Fiché «S03» , il est soupçonné d'avoir tenté d'infiltrer plusieurs organisations islamiques françaises pour le compte des services de renseignement marocain. L'homme  qui avait disparu de la circulation, dont les recherches à le retrouver sont vaines, est fiché «S03» et aurait réussi à s'accaparer de dizaines de fiches d'informations confidentielles portant sur des personnes plus ou moins liées à la mouvance islamiste. Mohamed B aurait réussi l'opération de la transmission illégale de documents officiels dont certains seraient classés «confidentiel défense» . Le même agent réapparaît dans le scandale de la corruption des députés européens dans ce qui est appelé Marocgate.

Aujourd'hui, force est de constater, que les services de renseignements occidentaux, en particulier espagnols, que le régime du Makhzen est impliqué dans des actes criminels visant l'Espagne. Et, il n'est pas exclu, que le Makhzen es impliqué dans les attentats terroristes de Madrid du 11 mars 2004, après l'humiliation de l’Ilot Perejil, subie par le régime du Makhzen en 2002 et Barcelone en 2017.

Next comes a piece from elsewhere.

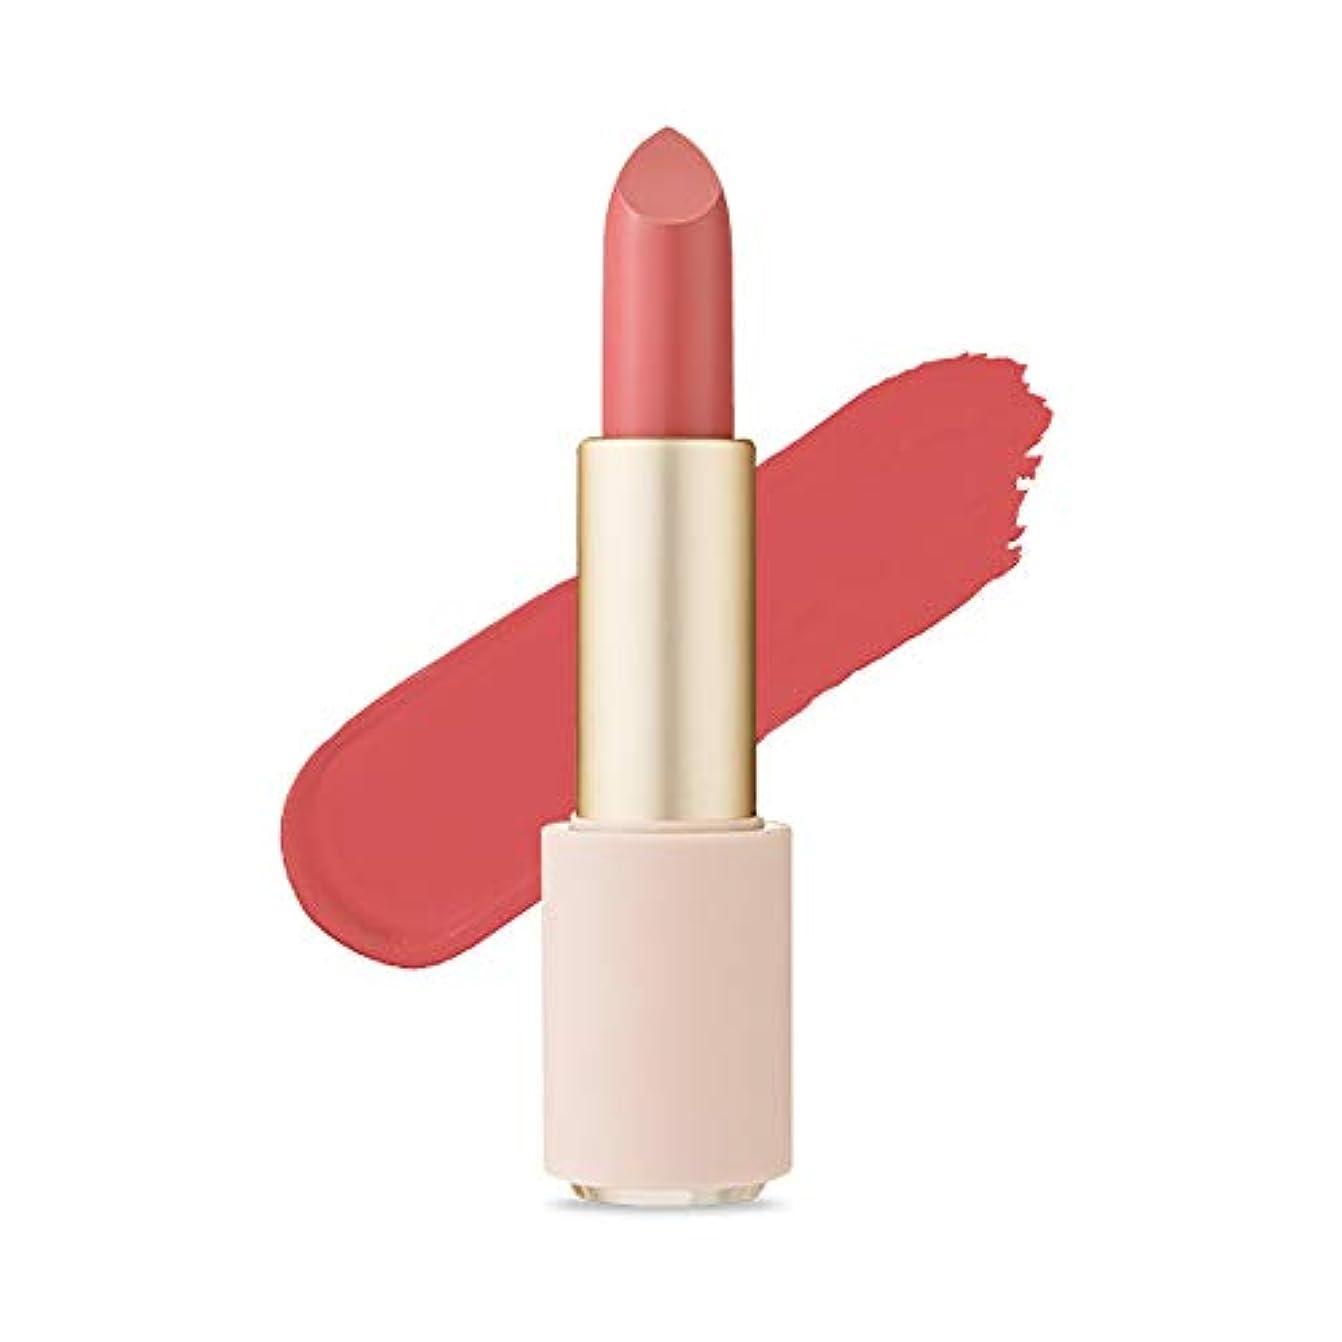 地球妊娠した天才Etude House Better Lips Talk Velvet エチュードハウス ベター リップス - トーク ベルベット (# PK002 Mink Pink) [並行輸入品]
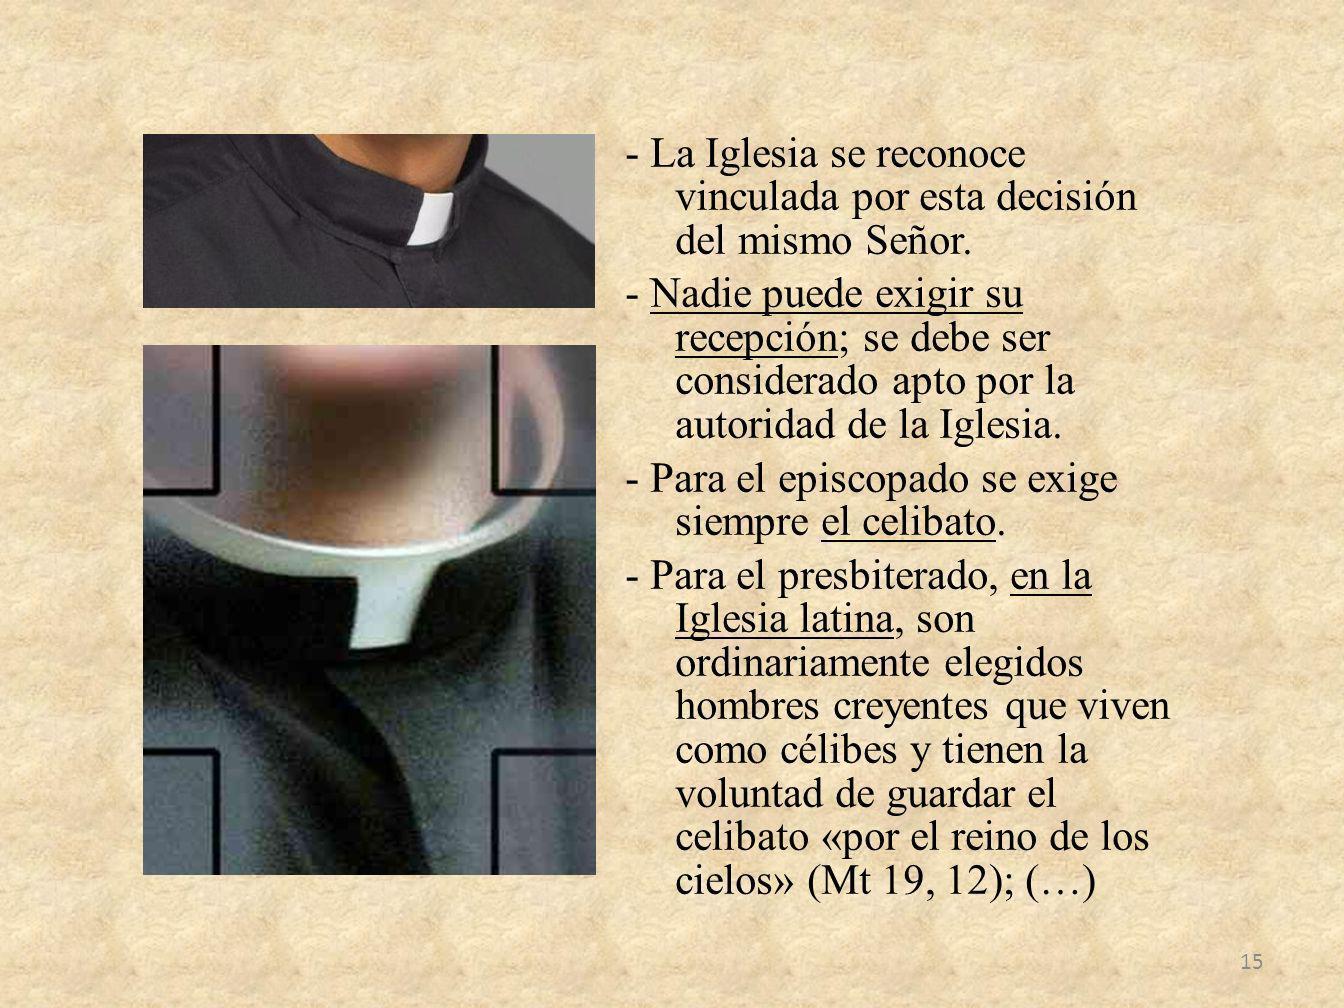 - La Iglesia se reconoce vinculada por esta decisión del mismo Señor

L'invasion migratoire visant l'enclave espagnole de Ceuta, le 30 juillet dernier, le jour de la célébration de la fête du trône e du 27ème anniversaire de l'accession de Mohamed VI, accompagnée d'une instrumentalisation religieuse annoncée et déclarée officiellement le jour de la célébration du Mawlid Ennabaoui, constitue une nouvelle étape en matière de concrétisation des desseins expansionnistes et annexionnistes du régime du Makhzen pour sa survie, même en recourant à des actes terroristes, via l'envoi des terroristes et des détenus graciés pour endeuiller ses voisins.